The Harari people (Harari:  Gēy Usuach, "People of the City") are Semitic-speaking ethnic group inhabiting the Horn of Africa. Members traditionally reside in the walled city of Harar, called simply Gēy "the City" in Harari, situated in the Harari Region of eastern Ethiopia. They speak the Harari language, a member of the South Ethiopic grouping within the Semitic subfamily of the Afroasiatic languages.

History

The Harla people, an extinct Afroasiatic-speaking people native to Hararghe, are considered by most scholars to be the precursors to the Harari people. The ancestors of the Hararis moved across the Bab-el-Mandeb, settling in the shores of Somaliland and later expanding into the interior producing a Semitic-speaking population among Cushitic and non-Afroasiatic-speaking peoples in what would become Harar.

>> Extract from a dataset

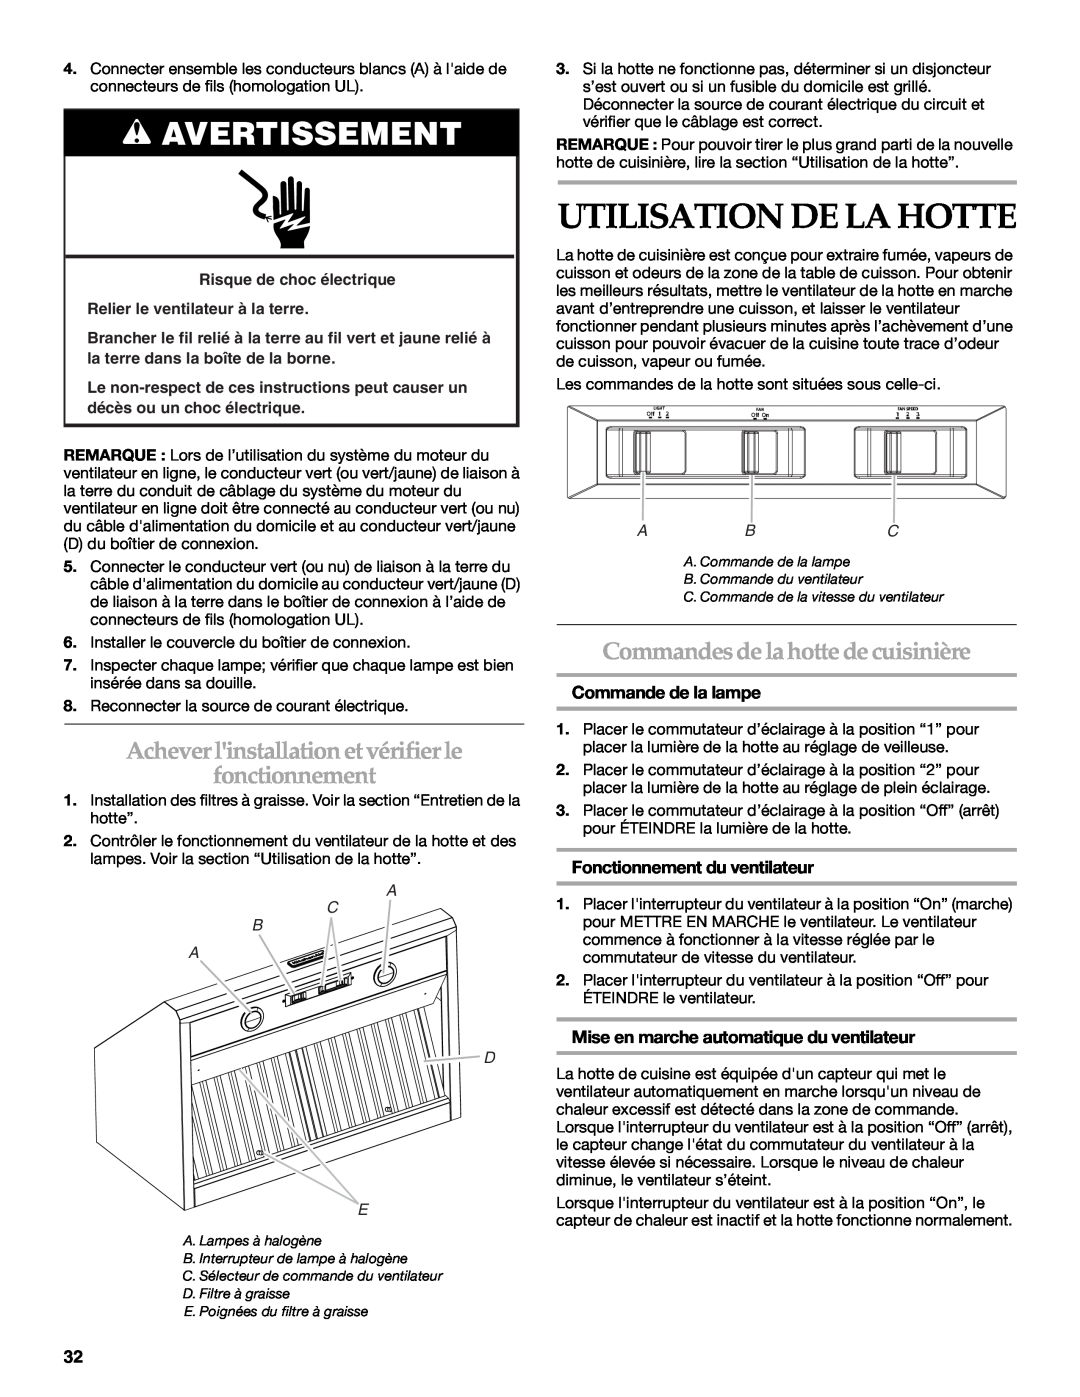 KitchenAid W10331007B Utilisation De La Hotte, Achever linstallation et vérifierle fonctionnement, Commande de la lampe 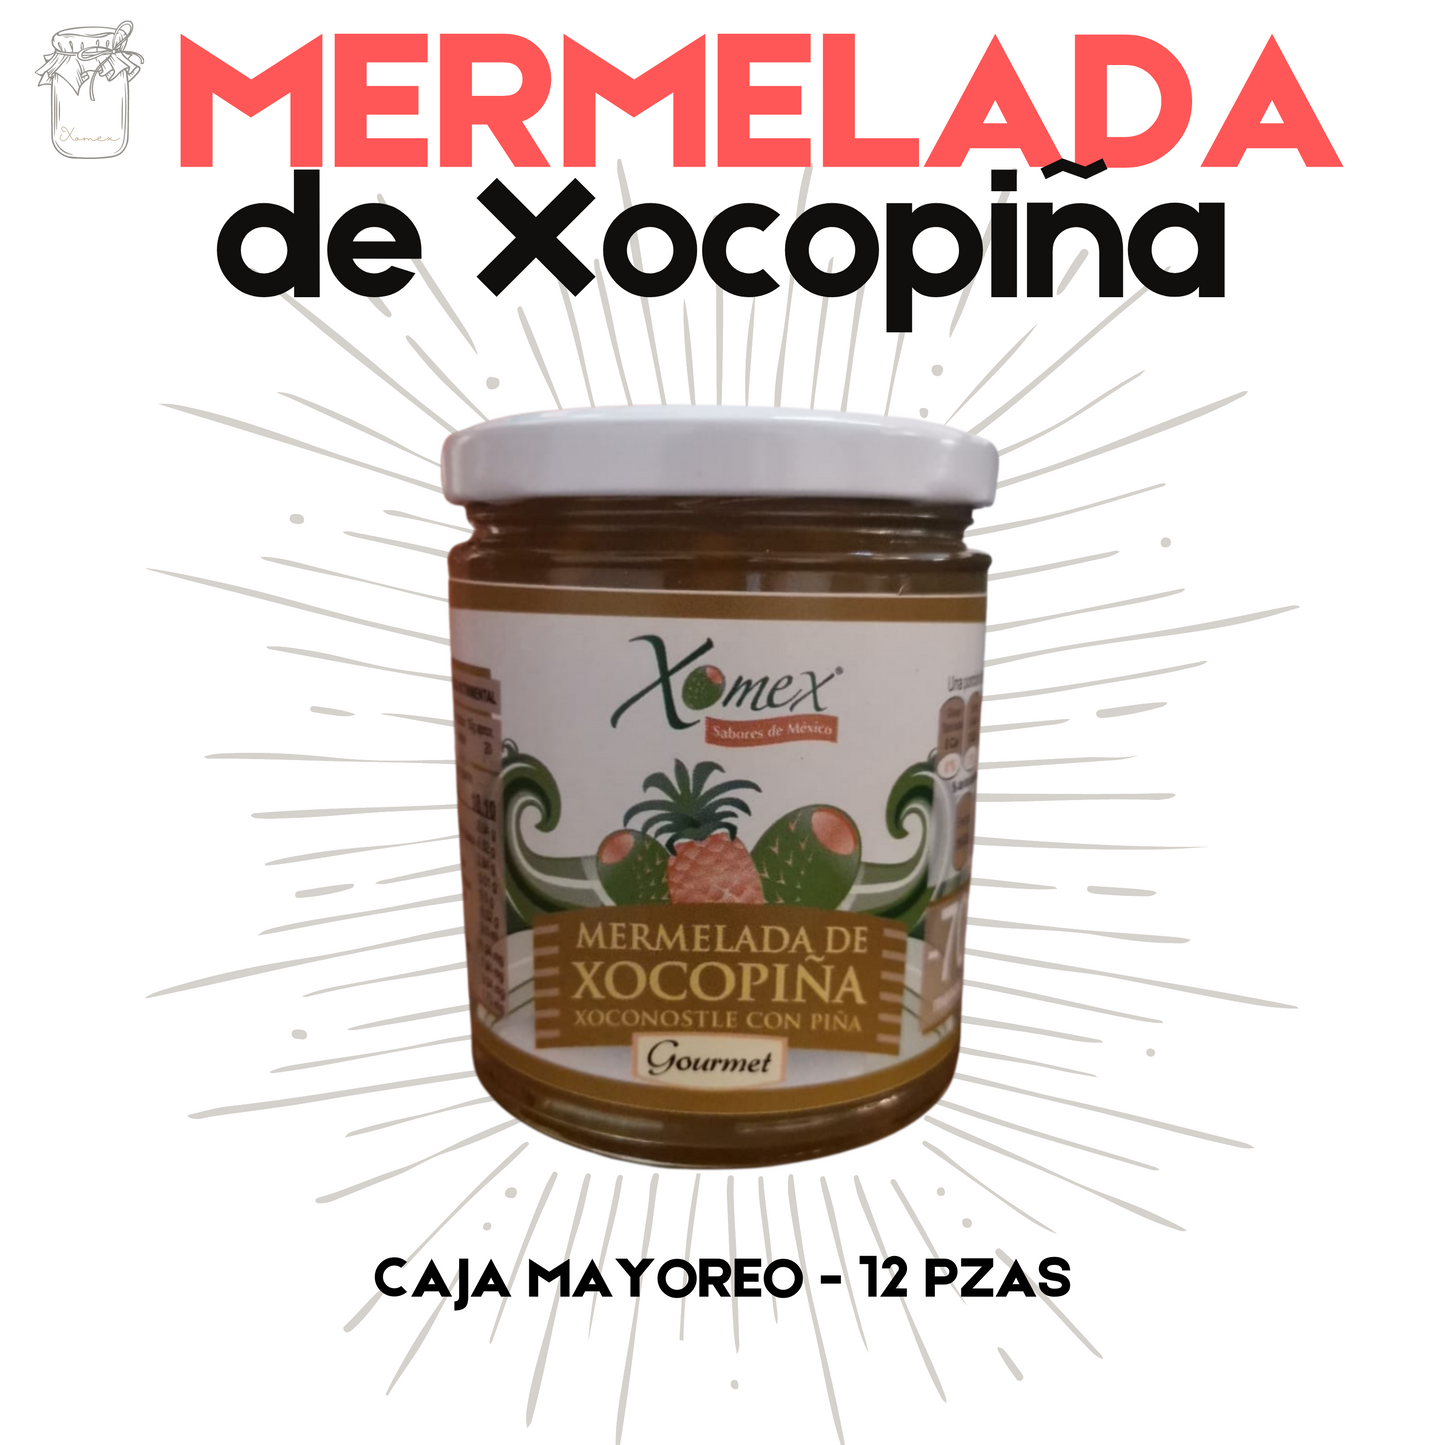 Mermelada de Xocopiña | Xoconostle y Piña | 100% natural | 12 frascos | Mexpofood

Sheikh Abadir, the legendary patriarch of the Harari, is said to have arrived in the Harar plateau in the early thirteenth century, where he was met by the Harla, Gaturi and Argobba people. In the middle ages Hararis led by Abadir supposedly came into conflict with the Shirazi people who had occupied Somalia's coast. By the thirteenth century, the Hararis were among the administrators of the Ifat Sultanate. In the fourteenth century raids on the Harari town of Get (Gey) by Abyssinian Emperor Amda Seyon I, Hararis are referred to as Harlas. Ifat state under Haqq ad-Din II relocated their base to the Harari plateau (Adal) in the fourteenth century. An alliance kingdom ensued between Argobba and Harari people designated the Adal Sultanate which later included Afar and Somali people. In the sixteenth century under Ahmed ibn Ibrahim al-Ghazi, the Harari state stretched to large parts of the Horn of Africa. During the Ethiopian–Adal war, some Harari militia (malassay) settled in Gurage territory, forming the Siltʼe people. Hararis once represented the largest concentration of agriculturalists in East Africa.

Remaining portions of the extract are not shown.